Confirmation experiment has been conducted at optimal parametric setting to validate conclusions drawn from optimization using Taguchi-DEAR methodology. The response values at optimal parametric setting are as follows: MRR 61.2608 mm³/min, SR 5.3 µm and TWR 3.461 mm³/min. Furthermore, MRPI value is calculated for a combination of these response values as 12.23817. The MRPI value calculated for the combination of response values of confirmation experiment based on DEAR approach is found deviated from maximum MRPI value with 1.62% error. This variation lies within the acceptable tolerance value of 5%.

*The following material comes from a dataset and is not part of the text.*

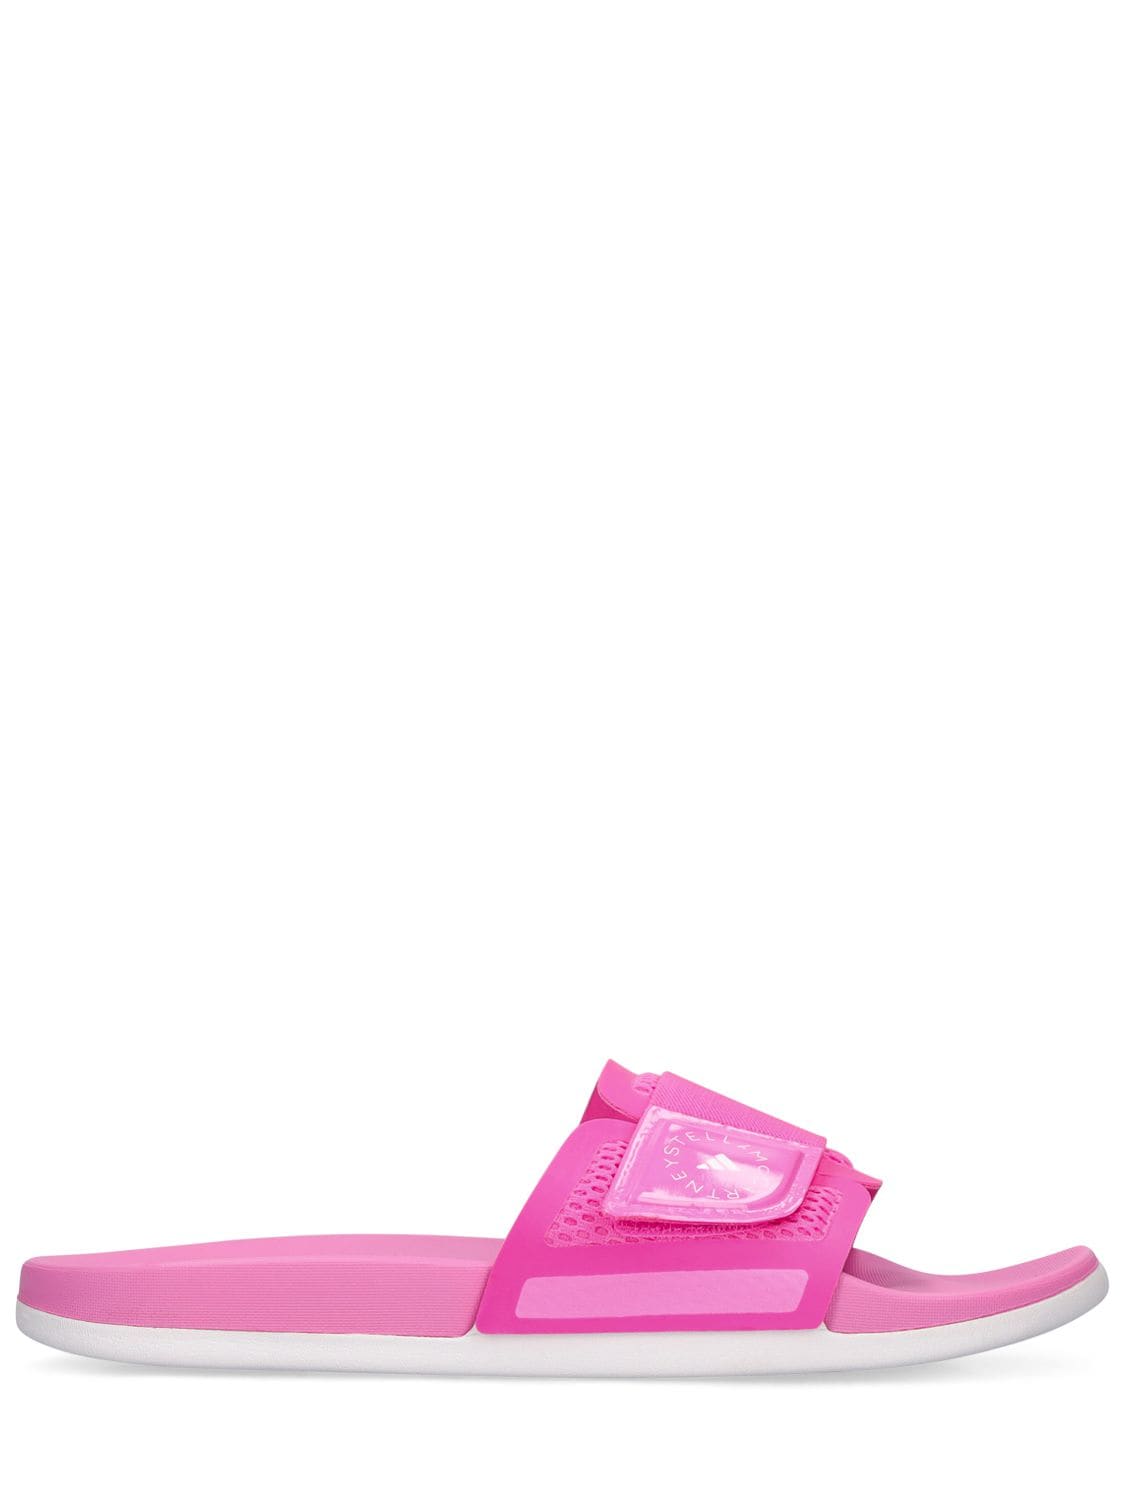 Asmc Slide Sandals image

Figure 5 indicates the significance of individual process parameters on performance of EDM process. The deviation of curve from the mean line indicates its significance. It is also noticed that most significant, significant and less significant parameters are peak current, SC and graphite PC, respectively, affecting EDM process.

OPEN IN VIEWER

Figure 5.

Effects of process parameters on EDM.

Conclusion

In this work, Taguchi with DEAR method is used as a multi-response optimization method to yield optimal parametric combination on EDM of PH17-4 stainless steel when using surfactant-mixed and graphite powder–mixed dielectric fluid. The predicted optimal combinations of process parameters are peak current at 20 A, SC at 6 g/L and PC at 13.5 g/L to obtain maximum MRR and minimum SR and TWR values. Confirmation experiment has been conducted at optimal parametric setting and the measured values of responses are MRR 61.2608 mm³/min, SR 5.3 µm and TWR 3.461 mm³/min. It is observed that peak current has most significant, surfactant has significant and PC has less significant effect on EDM process performance.